De qualquer forma, seja fenômeno psíquico, paranormal, visionário ou apocalíptico o fato é que a
obra existe. Lamentavelmente o que se verifica nos dias de hoje, é o total abandono a que foi
deixado todo o trabalho de uma vida. Imagino que uma ação pública eficiente poderia ter
transformado todo o local em um imenso ponto turístico. Dessa forma preservando toda a obra
artística do Sr. Miranda, bem como valorizando sobremaneira sua herança singular. Com efeito,
trata-se de um caso único, demais peculiar, cuja obra deveria ser resgatada e preservada, bem como
seu criador ser evidenciado, para a grandeza de seu nome e orgulho de sua família.
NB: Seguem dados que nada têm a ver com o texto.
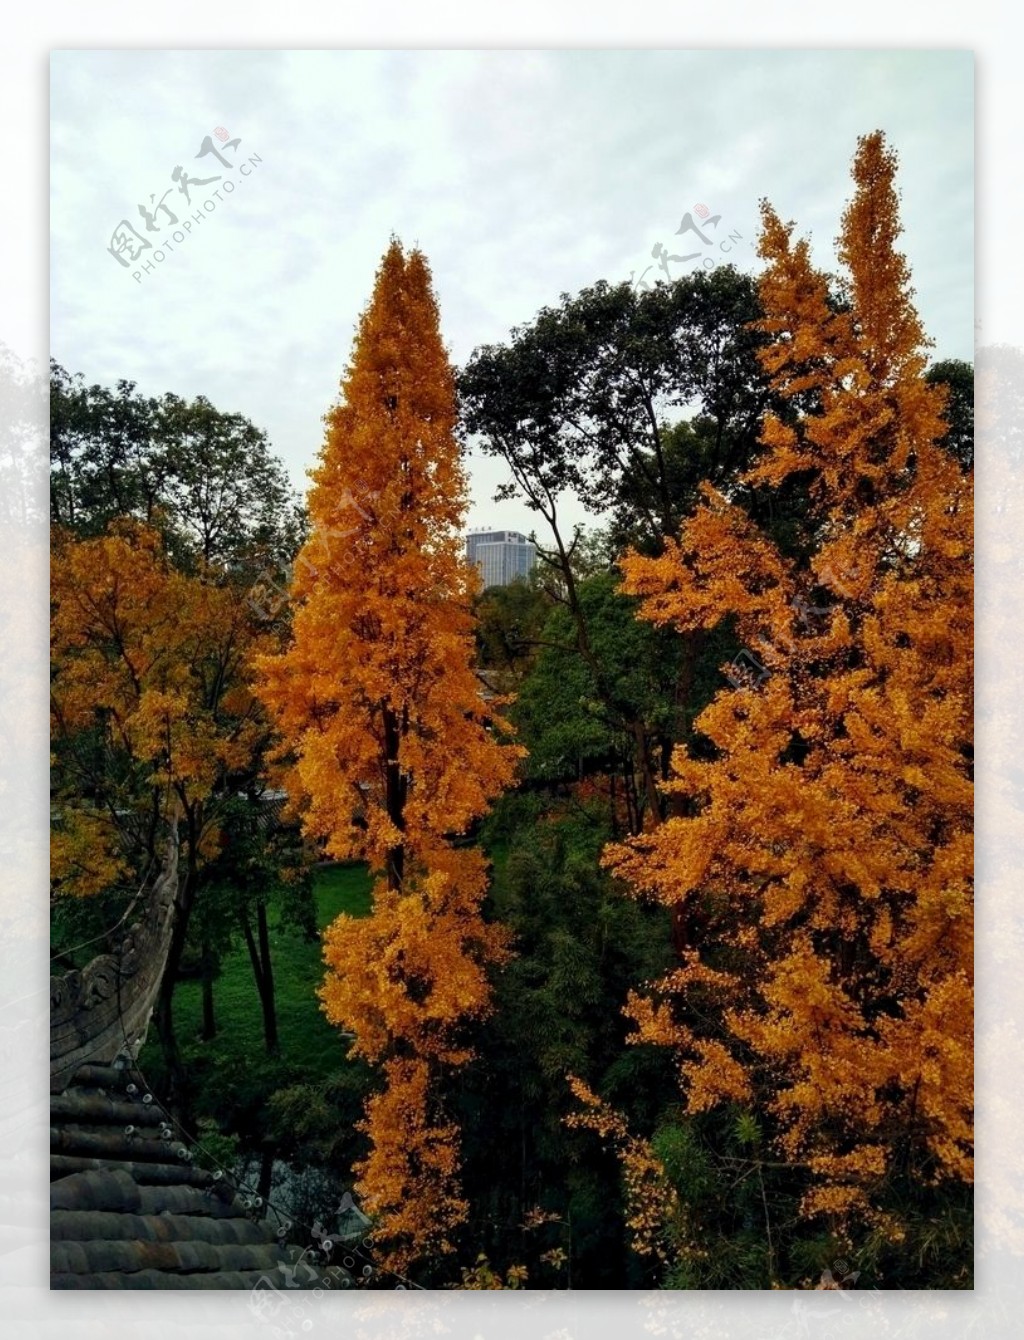 俯视大树银杏树黄叶树顶

Ainda que para muitos possa parecer um devaneio, o legado de José de Freitas Miranda deveria ser
imortalizado nos anais da história e da arte contemporâneas, independente de quaisquer que sejam as
motivações ou explicações para a obra. Afinal, pra fazer o que ele fez e como fez, tem mesmo que
ter muita determinação e, sobretudo coragem.

NOTA - No século XIX o Frances Hippolyte Léon Denizard Rivail, que se notabilizou pelo mundo com o pseudônimo
de Allan Kardec, investigou com afinco os fenômenos mediúnicos. De acordo com seus trabalhos, publicados em
diversos livros, existem pessoas que possuem o dom da mediunidade, que se caracteriza por uma faculdade especial de
se comunicar com os espíritos de pessoas desencarnadas. De acordo com Kardec, em muitos casos, a pessoa pode
possuir o dom, receber a comunicação e não saber, por falta de conhecimento, do que se trata. Nesses casos, uns acharão
que é a voz de Deus ou dos anjos; outros que são as legiões do mal. Allan Kardec, menciona ainda, que muitos espíritos
ainda pouco evoluídos, também chamados de zombeteiros, muitas vezes se comprazem em tirar proveito da simplicidade
de pessoas sensitivas menos avisadas, e aproveitam para lhes enviar mensagens mentirosas e enganadoras, levando-os
muitas vezes a praticarem atos singulares, demais impensáveis e extravagantes.

Bibliografia
Folha de Londrina/Folha do Paraná – Edição de 11/08/1999
Folha de Londrina/Jornal do Paraná – Edição de 16/08/1987
Tablóide “Nicolau” nº 4 – pagina 22 e 23
O Diário.com – Edição digital de 24/02/2002 (Maringá.odiario.com) (visitado em 30/06/13)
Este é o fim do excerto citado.